Annecy me voici ! Depuis une semaine je suis totalement en mode panique, me maudissant de ma folle idée… Mais qu’est-ce qui m’a pris franchement !!! Pour limiter le stress, j’arrive la veille au soir, n’ayant pas envie de me rajouter la gestion d’un rond-point ou d’une sortie d’autoroute bloquée. Je déjeune forcément avec Sylvie et même si je rêve des burgers de la carte je me contente d’une salade à base de quinoa… Oui, bon ok… J’ai pris le tiramisu en dessert… Oui je sais 😊, on ne se refait pas ! Direction le retrait des dossards, je me change carrément dans ma voiture et j’attends mon coéquipier pour retirer le précieux. Je refuse de regarder mon cardio, je n’ai pas besoin de lui pour savoir que j’ai le cœur qui bat à 100 à l’heure, de plus en plus consciente que nan mais franchement Cécile… tu avais la tête où quand tu as envoyé ton petit message ? Seb est là avec Isa son épouse et un ami David qui du coup fera équipe avec elle. Je leur propose de changer, moi je pars avec lui et Isa et Seb filent en direction du podium mais nan, pas moyen, il semble bien décider à traîner son « boulet » sur 42km.
Une salade avec du quinoa au Win le royaume du burger… Je vieillis mal moi !

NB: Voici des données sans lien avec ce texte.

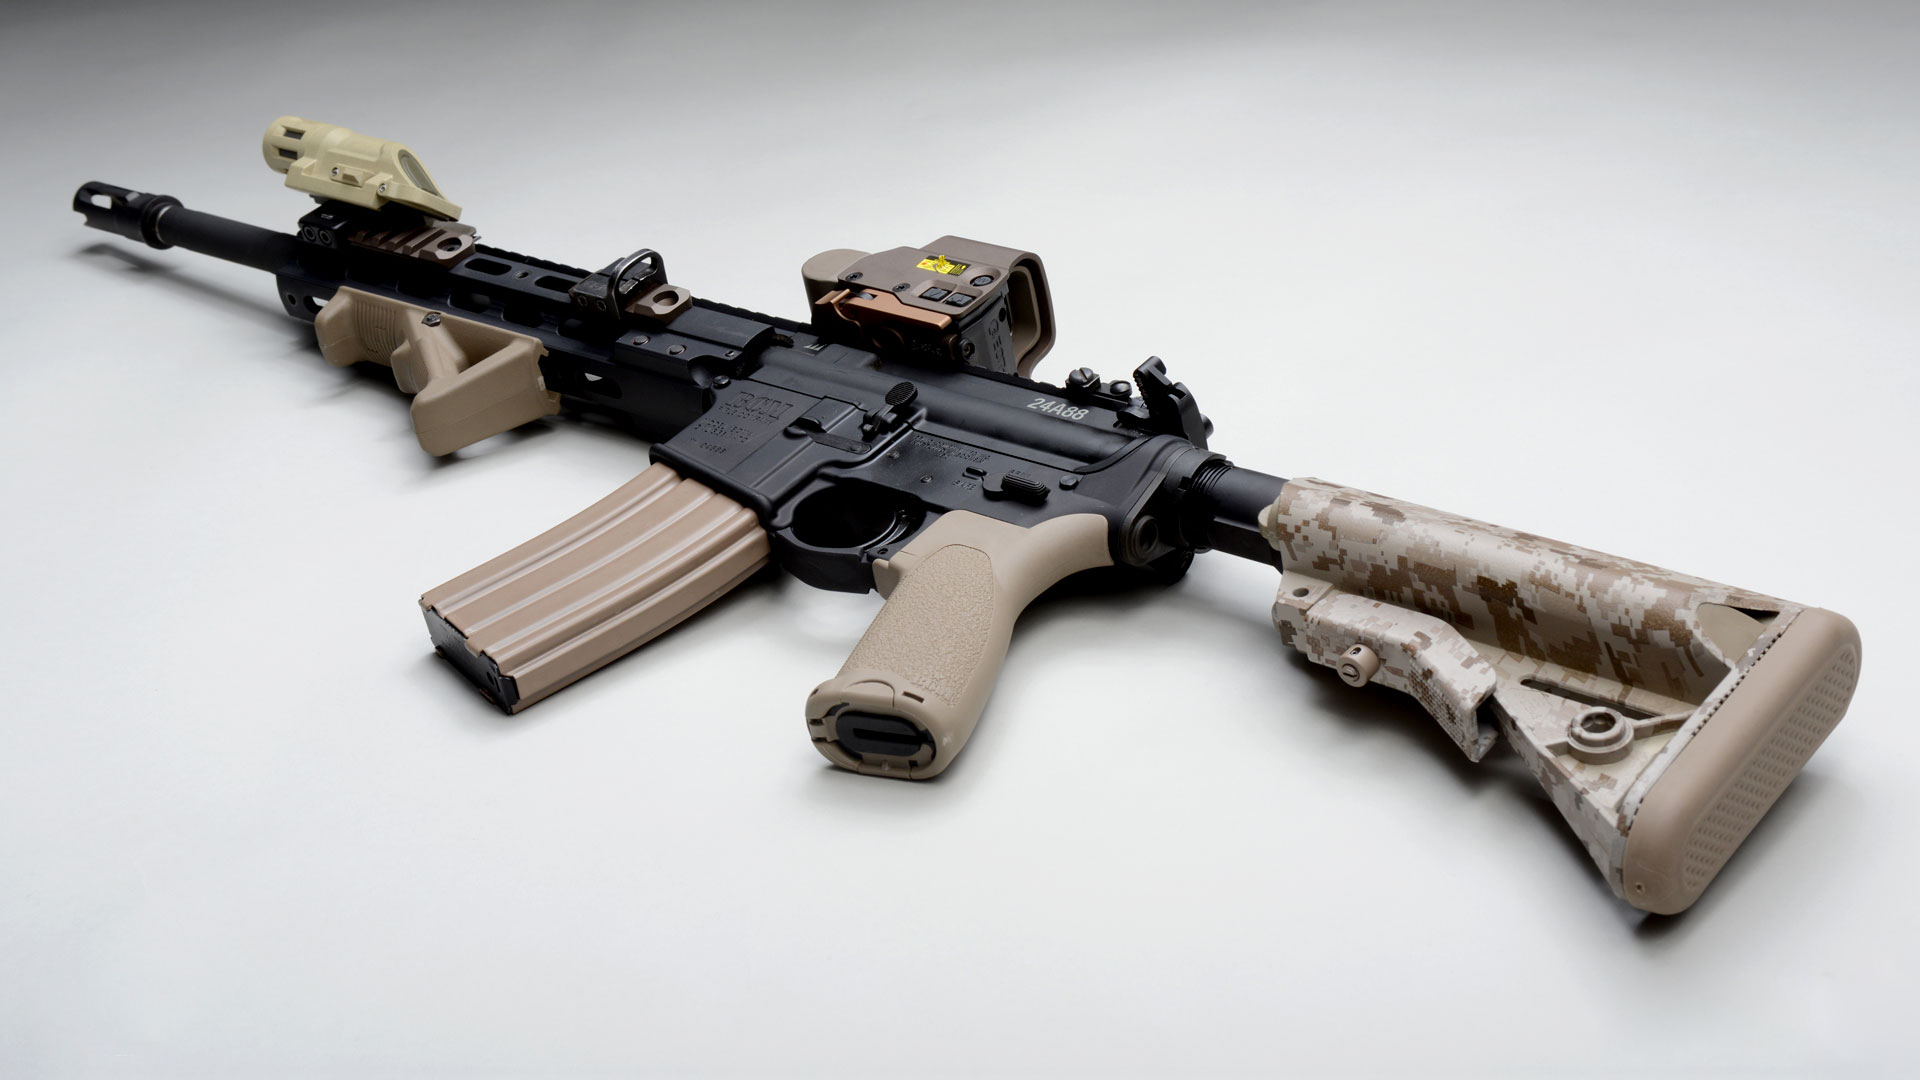 Automatic Ar 15 Assault Rifle Weapon Gun Military Wallpaper

On attend sagement les bus !
Pour des questions de logistiques, des bus nous emmènent au Semnoz pour ce qui est quand même un départ unique en son genre. Les lumières sont dingues, nous sommes d’un côté en face du Mont Blanc dont on devine le sommet balayé par le vent qui nous glace ici aussi et de l’autre par une mer de nuages qui nous donne encore plus la sensation d’être plus proches des étoiles qui ne vont pas tarder à apparaître. Sylvie est là pour les dernières photos, j’ai toujours le cardio qui pète les compteurs de stress mais tout va bien ! L’ambiance est vraiment top, comme si le fait qu’il y ait que des duos changeait la donne. Plusieurs coureurs regardent Seb en se demandant bien ce qu’il fout là au milieu du peloton et non à l’avant où il se range d’habitude. Le compte à rebours est lancé et paf ça part ! Nous allons faire une boucle de 4km au sommet presque à plat dirons-nous pour les savoyards du cru, histoire que le peloton s’étale bien avant d’attaquer la descente qui aura de nombreux passages en mono trace ou tout du moins en chemin un peu plus difficile pour les dépassements. Punaise mais c’est le régime tartiflette raclette qui leur donne une pêche pareille aux locaux ? Moi la fille de la plaine, j’ai les poumons en mode écrabouillés d’être à presque 2000m… Tu me diras ça met Seb dans le bain tout de suite ! Il comprend très vite qu’il n’est pas prêt de rentrer 😊. Un petit ralentissement pour cause de chemin qui rétrécit et les coureurs autour se marrent en disant à Seb : « tu vois, c’est ça un bouchon sur trail… ça fait bizarre hein ? ».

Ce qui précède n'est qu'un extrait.